「見果てぬ夢」

脚本:堤泰彦 演出:鈴置洋孝
出演:鈴置洋孝、鶴ひろみ、麻生美代子、内海賢二、矢尾一樹etc.


 最近の趣味の一つに「観劇」っていうのがあります。
 中学・高校と演劇を経験したということもあり(高校のときは裏方でしたが)、専門学校でも演劇入門を履修していたので、演じること・創ることの両面においてずっと興味を持っていました。
 今現在、日本テレビ単局で毎月最終週の深夜に「劇場中継」というのをやっていて、それをよく見ているのですが、これがなかなか面白い作品揃いでいいんですよ。「ヒゲとボイン」「夢からさめても」といった最新作をはじめとした個性豊かな作品がたくさんあって、その中でもウチは「見果てぬ夢」という作品がお気に入りで、ビデオでよく見ています。
 この「見果てぬ夢」という作品ですが、まずアニメファンとしてはヨダレものな出演陣です。内海賢二(Dr.スランプ・則巻千兵衛役)・麻生美代子(サザエさん・ふね役)・鶴ひろみ(きまぐれオレンジロード・まどか役)・矢尾一樹(NG騎士ラムネ&40・ダ・サイダー役)・鈴置洋孝(ゲンジ通信あげだま・鈴木役)といった人気声優陣が作品を彩り、それに堤泰彦氏が書いた脚本がなかなか味があっていい感じなのです。
 脚本の内容ですが、以下のようなものです。


 舞台は、とある病院の裏庭。そこでは入院患者たちが思い思いの時間を過ごしています。
 看護婦をモデルに絵を描く、退院したくない売れない画家。看護婦から"セクハラ大魔王"と言われているラブホテルの経営者。「妊娠9ヶ月」という72歳の不思議なおばあちゃん。今にも泣きそうな、逃げてばっかりのお医者さん。女帝とも言えるほど気が強い婦長。そして、ぼんやり窓の外を眺めている一人の男。彼はつい数分前、ガンを医者から告知されたばかりなのです。
 悲喜こもごもの人間模様が描かれる病院の中で、彼らは一体どんな夢を見るのでしょうか。

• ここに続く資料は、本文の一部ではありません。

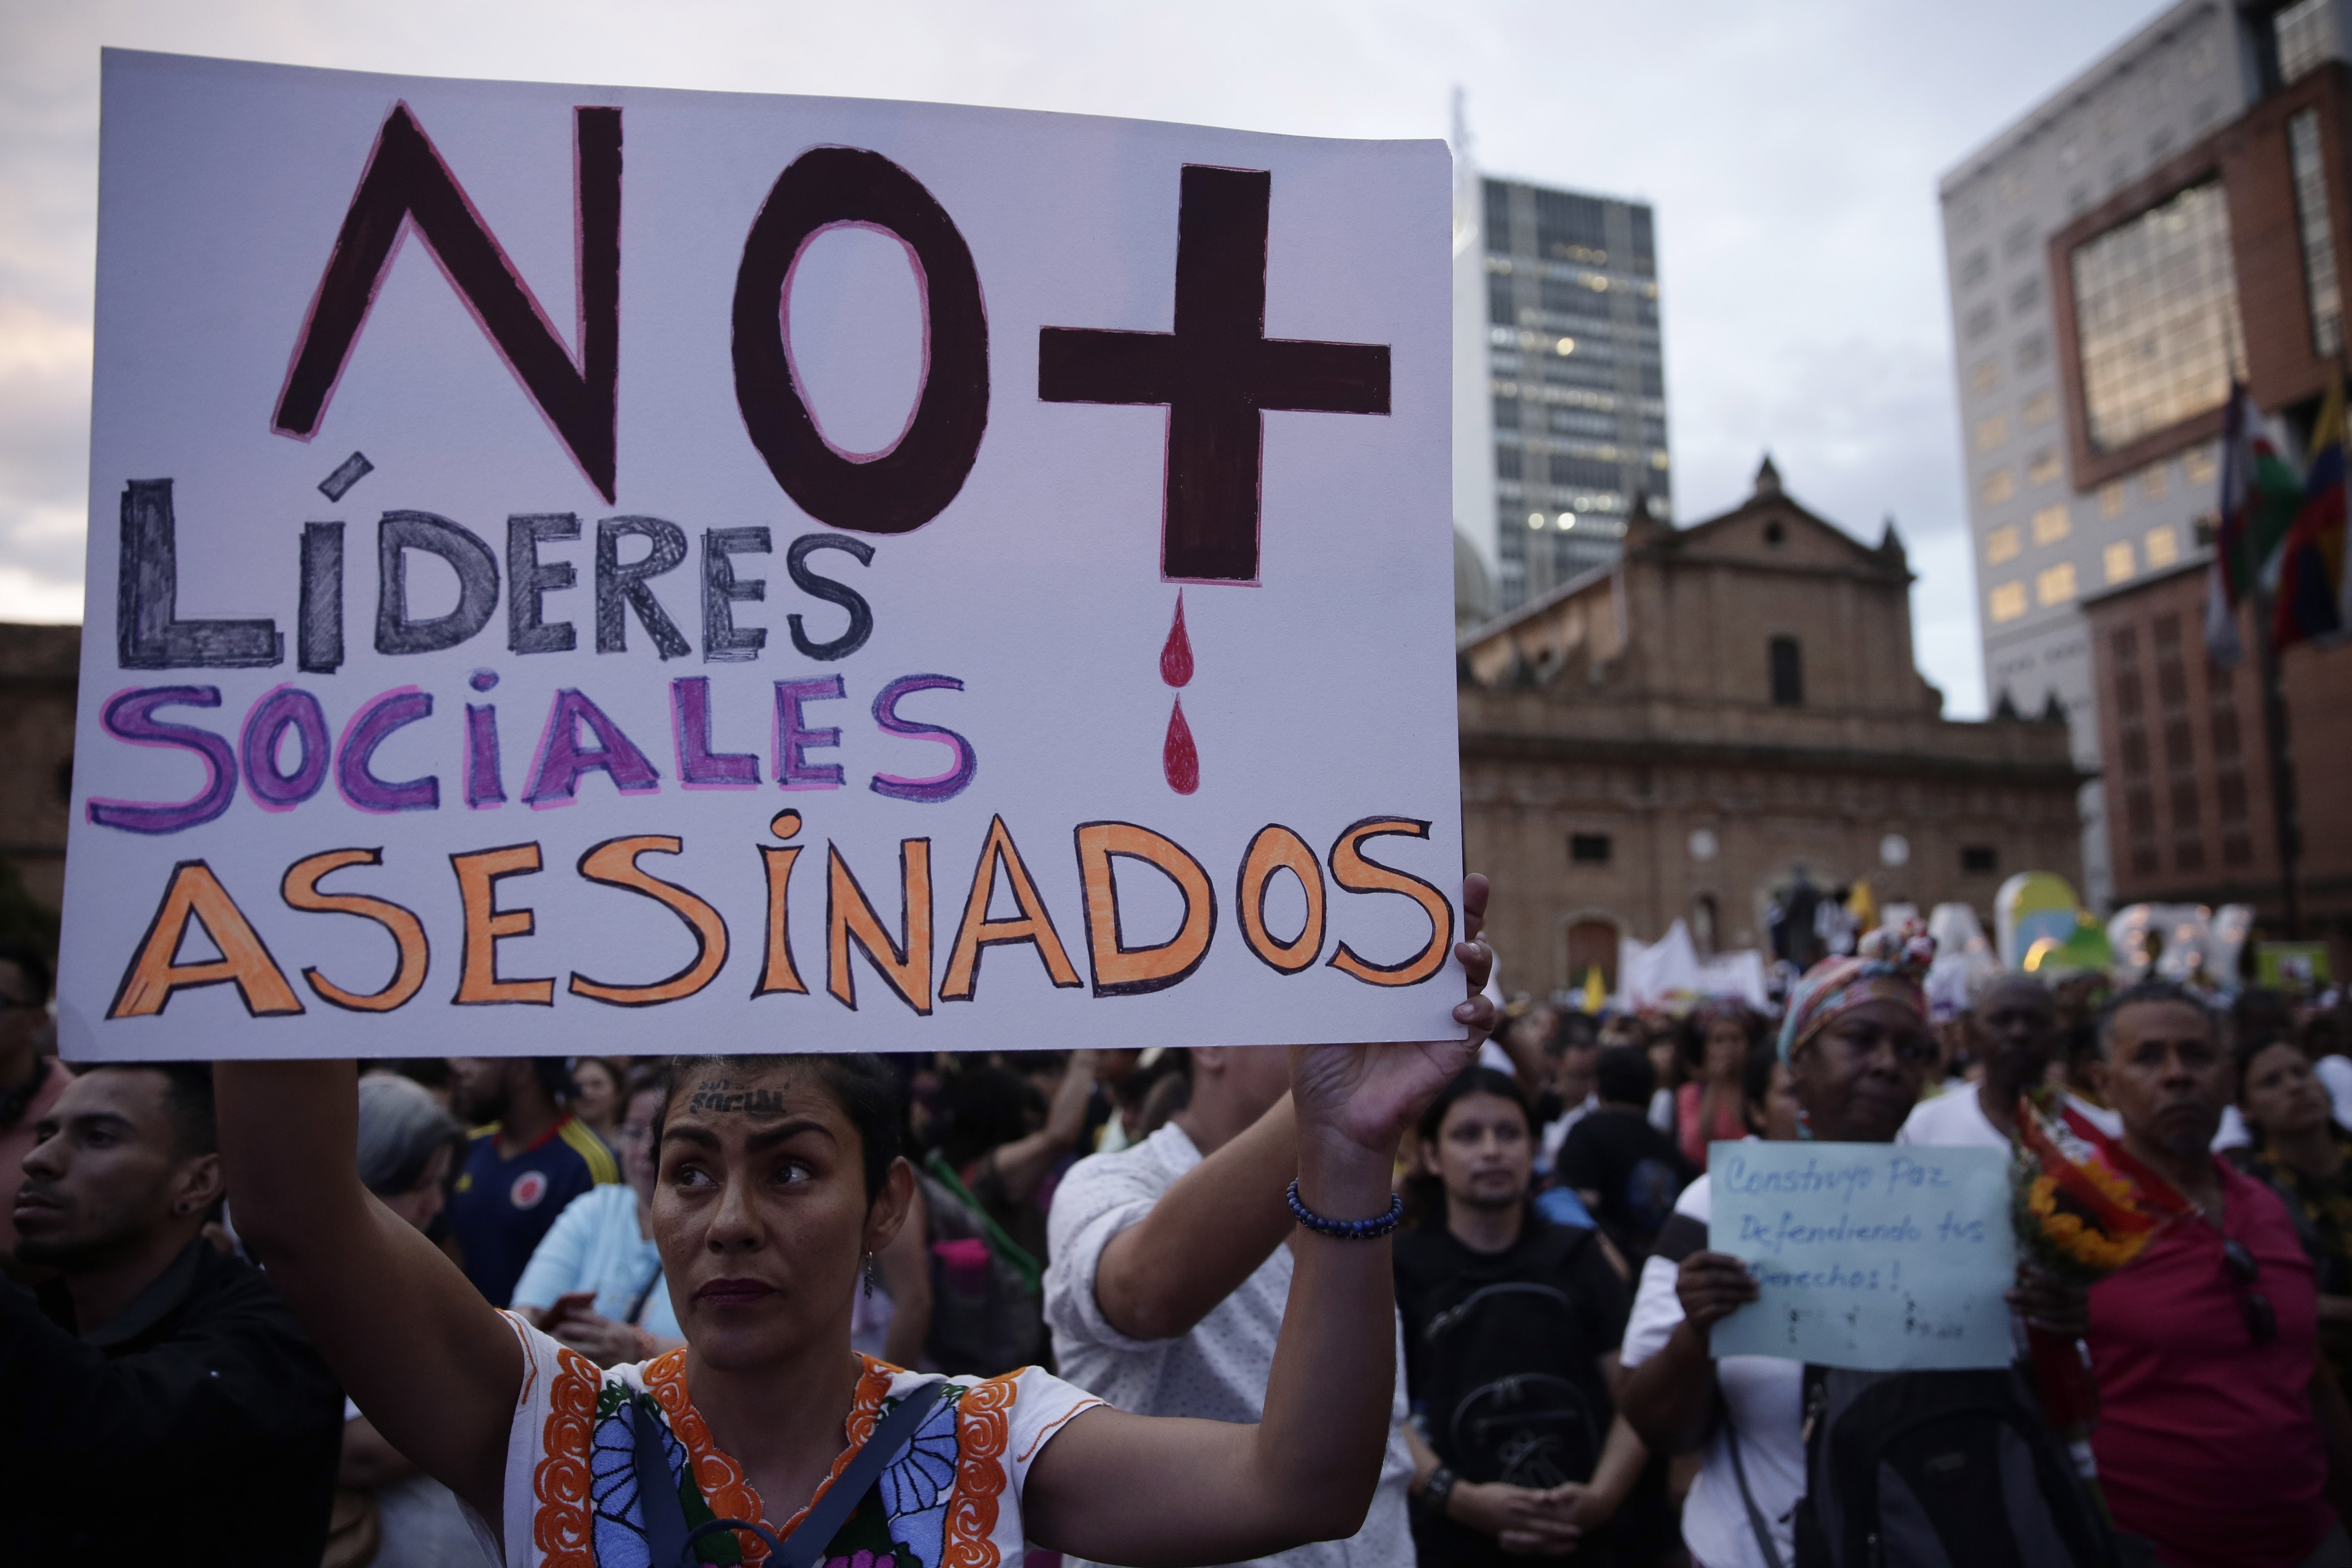 Una de las principales razones de las protestas sociales en Colombia ha sido el asesinato de líderes sociales en el país. Foto: EFE/Ernesto Guzmán/Archivo

 テーマは、この前々作「煙が目にしみる」と共通した「誕生と死」。病気によって人々が直面する「死」というものを、彼らが残していく「生」を交えて演じていくというものです。コメディタッチな作風で、見ていても飽きるということはありません。特に矢尾さんと内海さんの怒鳴り合いは息がぴったりで、見ているこっちまで圧倒されます。中盤以降は前半と違って、コメディな雰囲気の中にも重苦しさがあり、後半はシリアスに展開していきます。糖尿病、腹膜炎、ガンといった病気を持つ人々が、精一杯生きようとする姿を演じて、皆が自分の「生」を見つめるようになったラスト。そこで流れる、鈴置さんの次のナレーションが今でも心に残っています。

 こんなに人が自分の顔を見てくれるのって、生まれて初めてです。
 ……いや、2回目か。
 そう、1回目は赤ん坊の頃。
 私が生まれたとき、両親や周りの人たちは、私の顔をじっと眺めていたことでしょう。
 そしてたぶん3回目は、死の床についたとき。
 いろんな人が、私の顔を覗き込んでいることでしょう。
 ……そうだ。
 もしかしたらあの世で目が覚めたときも、やっぱり大勢の人たちが、私の顔を覗き込んでいるのかもしれません。
 先に亡くなった父や母や、おじいちゃんや、おばあちゃん。
 私が生まれたときと同じように、じっと私の顔を覗き込んで、私が目を覚ますのを待っているのかもしれません。

 だから私は……最期の時。
 妻にこう言い残してから目を閉じようと思っています。
「先に行ってるね。
 先に行って待ってるね。
 そして、お前があの世で目覚めたとき……私はその側で、お前の顔を眺めているね」

 この世の終わりは、あの世の始まり。
 最後の眠りは、長い長い、夢の始まりなのだから。



 そして、暗転していく舞台の中でおばあちゃんが一言「生まれる……」と呟き、咲き乱れるマーガレットの花たち。
 心地よい余韻が残るフィナーレで、終わったときには思わずほうっと息をついてしまいました。惜しむらくは、これが生の観劇ではなく、テレビでの観劇だったので、途中挿入されるCMによって幾度も緊張感が殺がれてしまったということでしょうか。もしも追加公演があるとしたら、是非ともチケットを買って現地で見てみたいです。
 笑いの面でも、リリカルな面でも全体的に印象に残る作品で、さらに高い演技力・呼吸&リズムの要求される作品でもあると思います。見ている側としては確かに面白いのですが、演じる側としてはやはり大変なのでしょうね。やはり、演劇というのは様々な面で奥が深いです。